#### Information shown:
*****

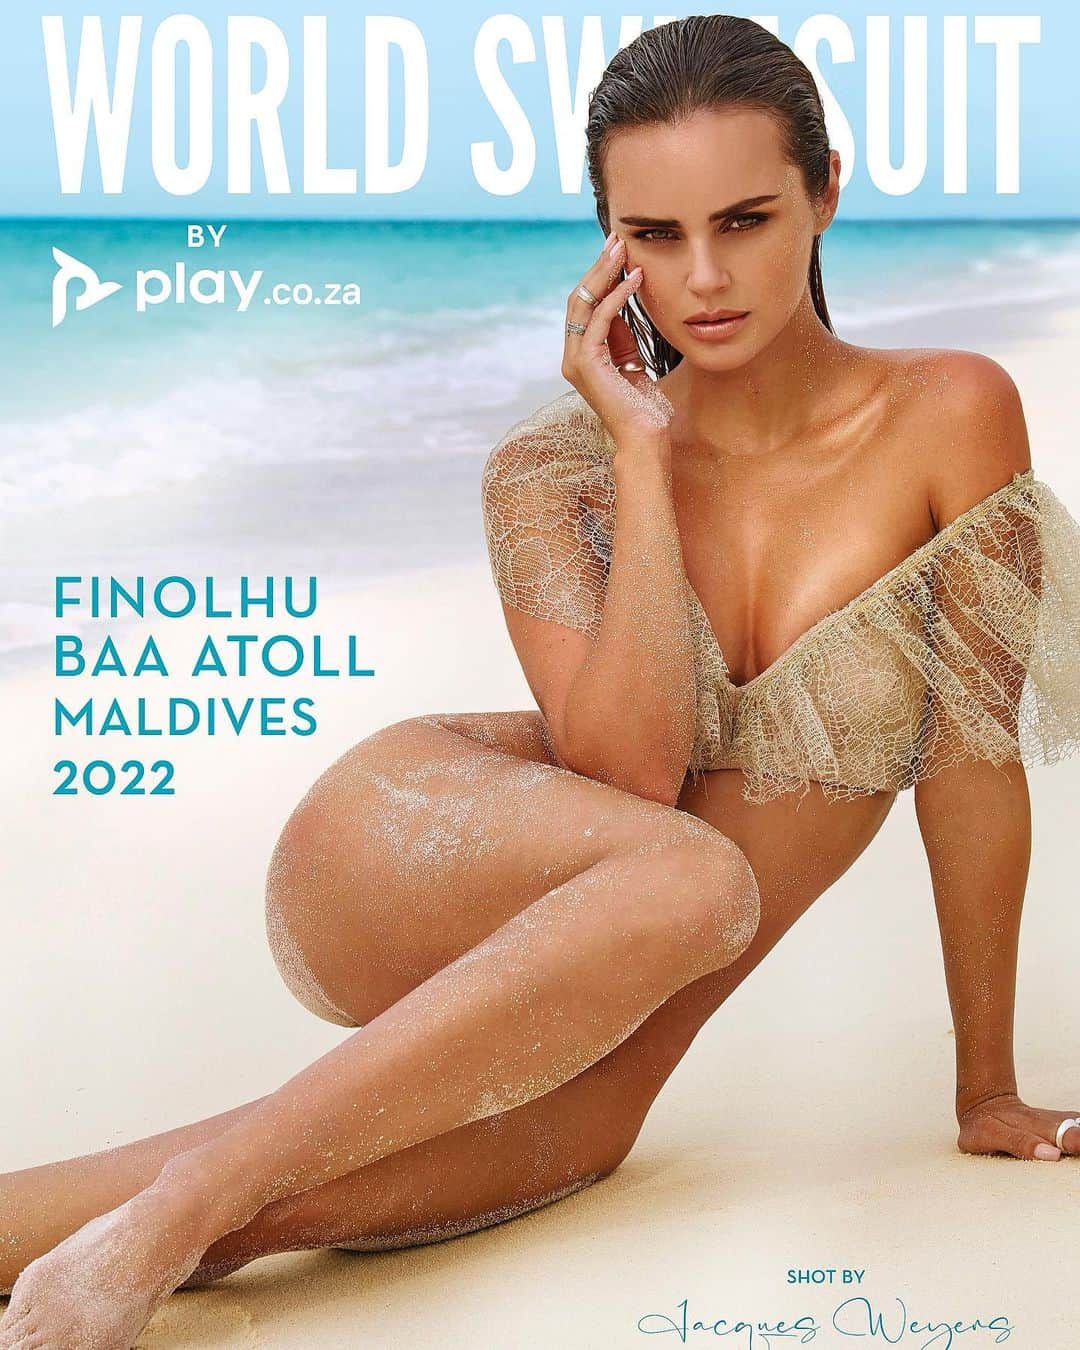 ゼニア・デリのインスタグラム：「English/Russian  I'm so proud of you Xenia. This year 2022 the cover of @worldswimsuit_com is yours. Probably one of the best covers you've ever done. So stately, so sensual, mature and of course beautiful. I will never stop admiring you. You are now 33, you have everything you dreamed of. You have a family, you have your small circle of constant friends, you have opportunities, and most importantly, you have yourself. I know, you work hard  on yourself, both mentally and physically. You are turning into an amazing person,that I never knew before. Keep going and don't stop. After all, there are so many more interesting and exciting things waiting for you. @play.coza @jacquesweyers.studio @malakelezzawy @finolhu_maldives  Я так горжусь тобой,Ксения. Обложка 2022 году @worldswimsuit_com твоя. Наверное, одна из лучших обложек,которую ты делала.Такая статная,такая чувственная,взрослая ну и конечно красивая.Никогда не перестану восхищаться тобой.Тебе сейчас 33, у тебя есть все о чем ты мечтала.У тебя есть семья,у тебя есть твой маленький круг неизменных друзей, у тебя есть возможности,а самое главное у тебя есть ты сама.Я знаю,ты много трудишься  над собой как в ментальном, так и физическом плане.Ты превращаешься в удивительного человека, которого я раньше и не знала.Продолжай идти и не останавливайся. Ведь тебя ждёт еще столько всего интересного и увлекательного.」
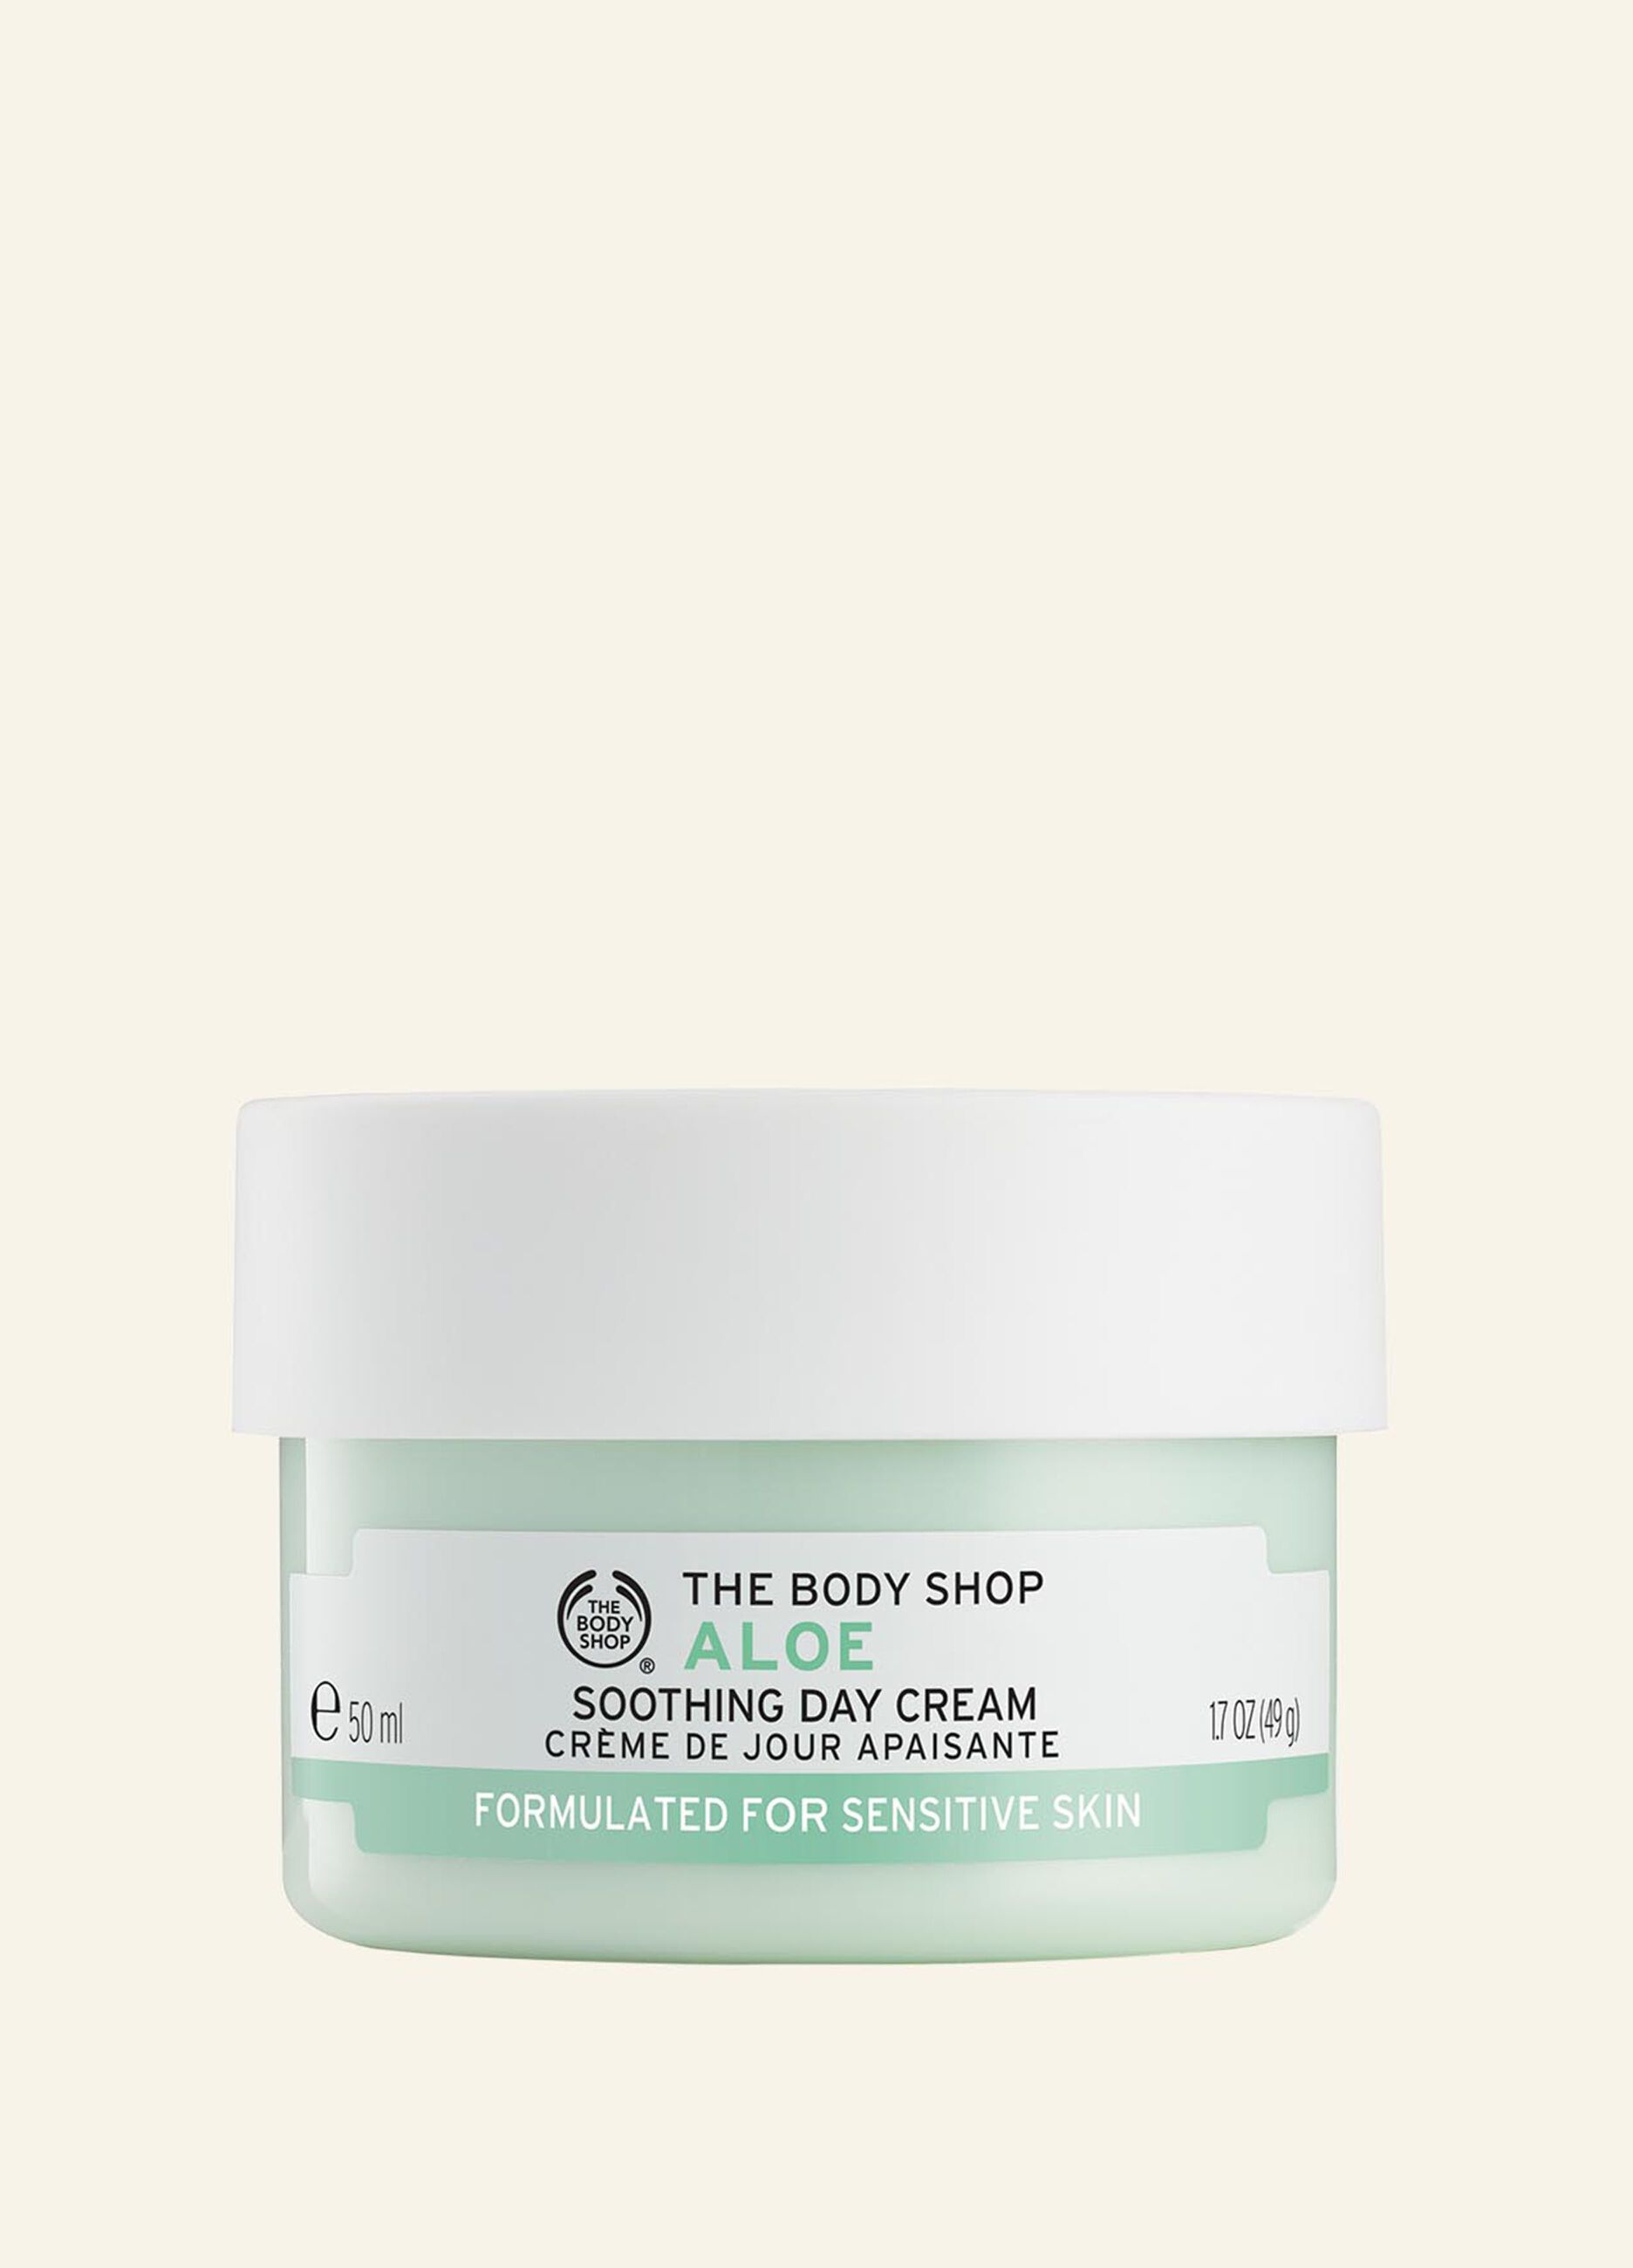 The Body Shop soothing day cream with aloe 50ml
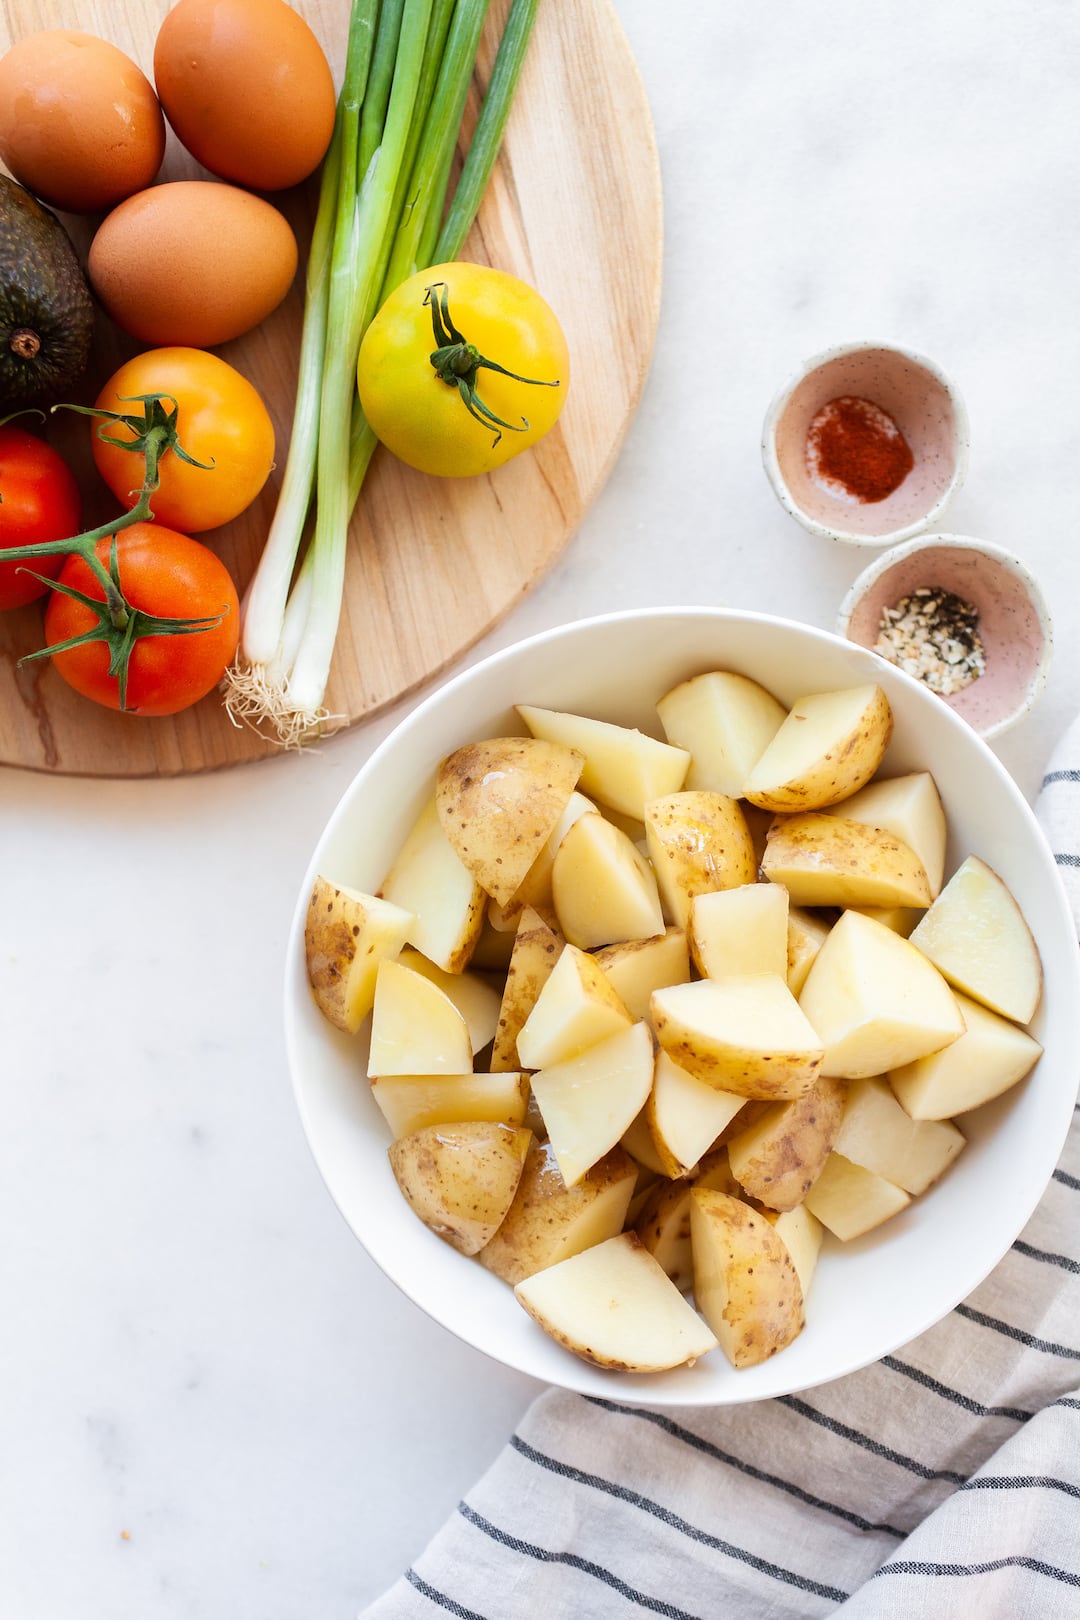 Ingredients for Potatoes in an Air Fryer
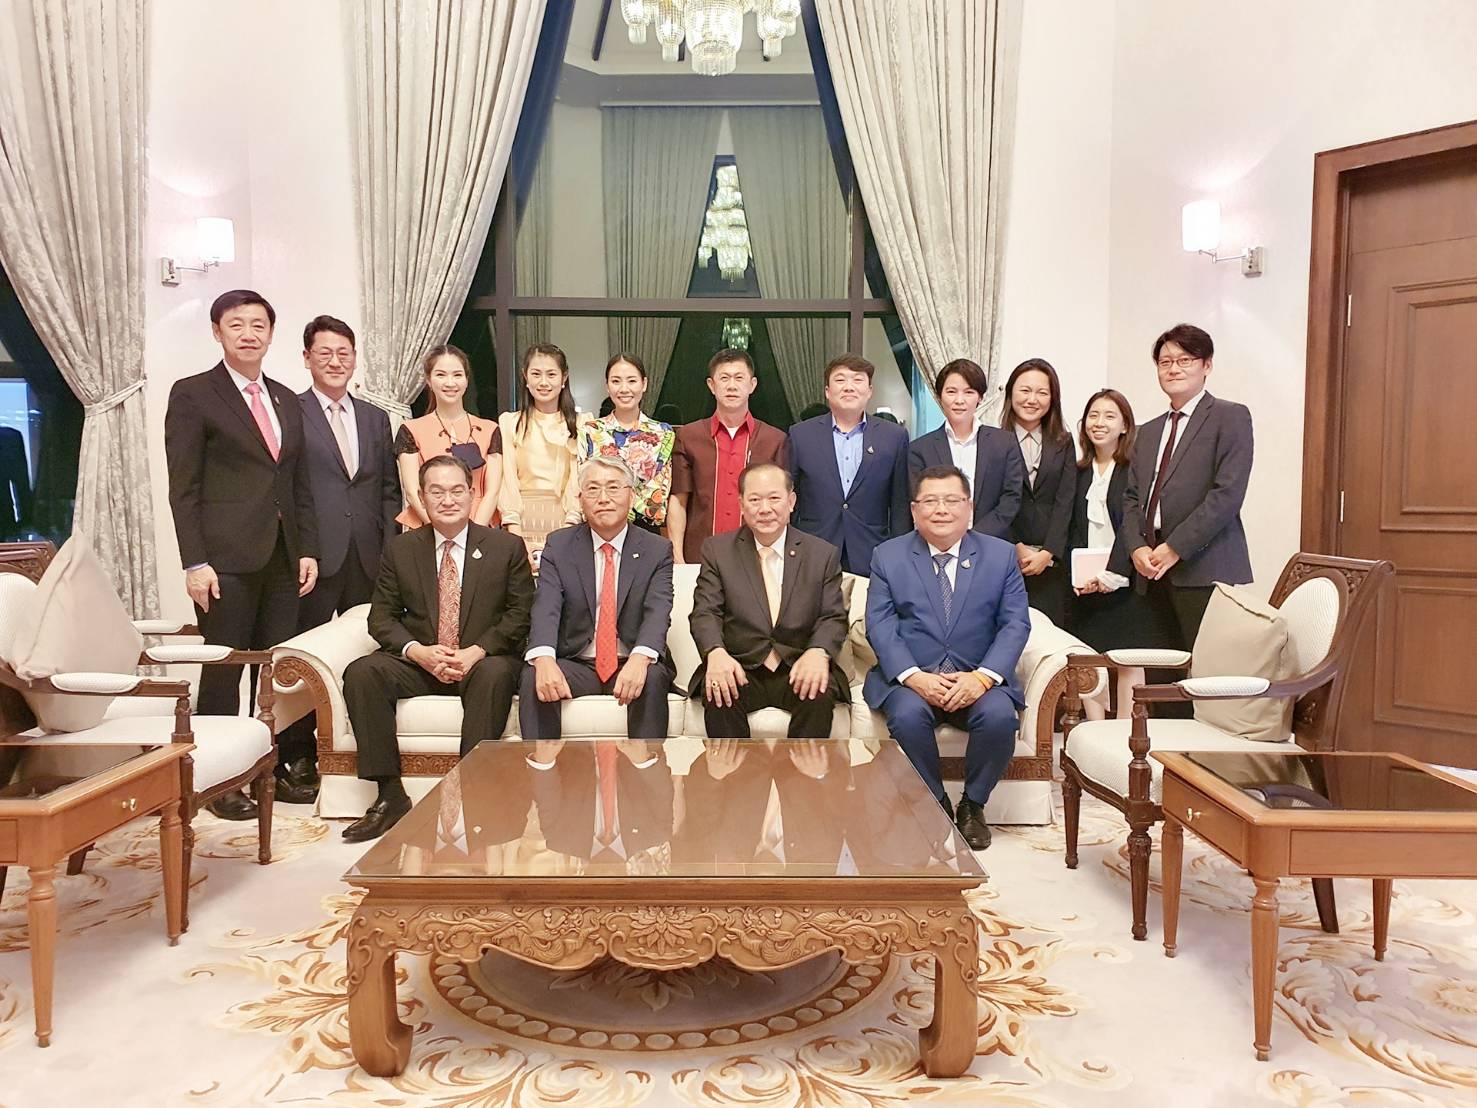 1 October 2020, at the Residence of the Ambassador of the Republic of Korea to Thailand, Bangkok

*****

#### Directions for this task:
In the copy you return, include exactly the lines from the one containing "The Body Shop" through the final line of the listing, and no pictures.

#### Answer space:
 The Body Shop soothing day cream with aloe 50ml
 Ingredients for Potatoes in an Air Fryer
 1 October 2020, at the Residence of the Ambassador of the Republic of Korea to Thailand, Bangkok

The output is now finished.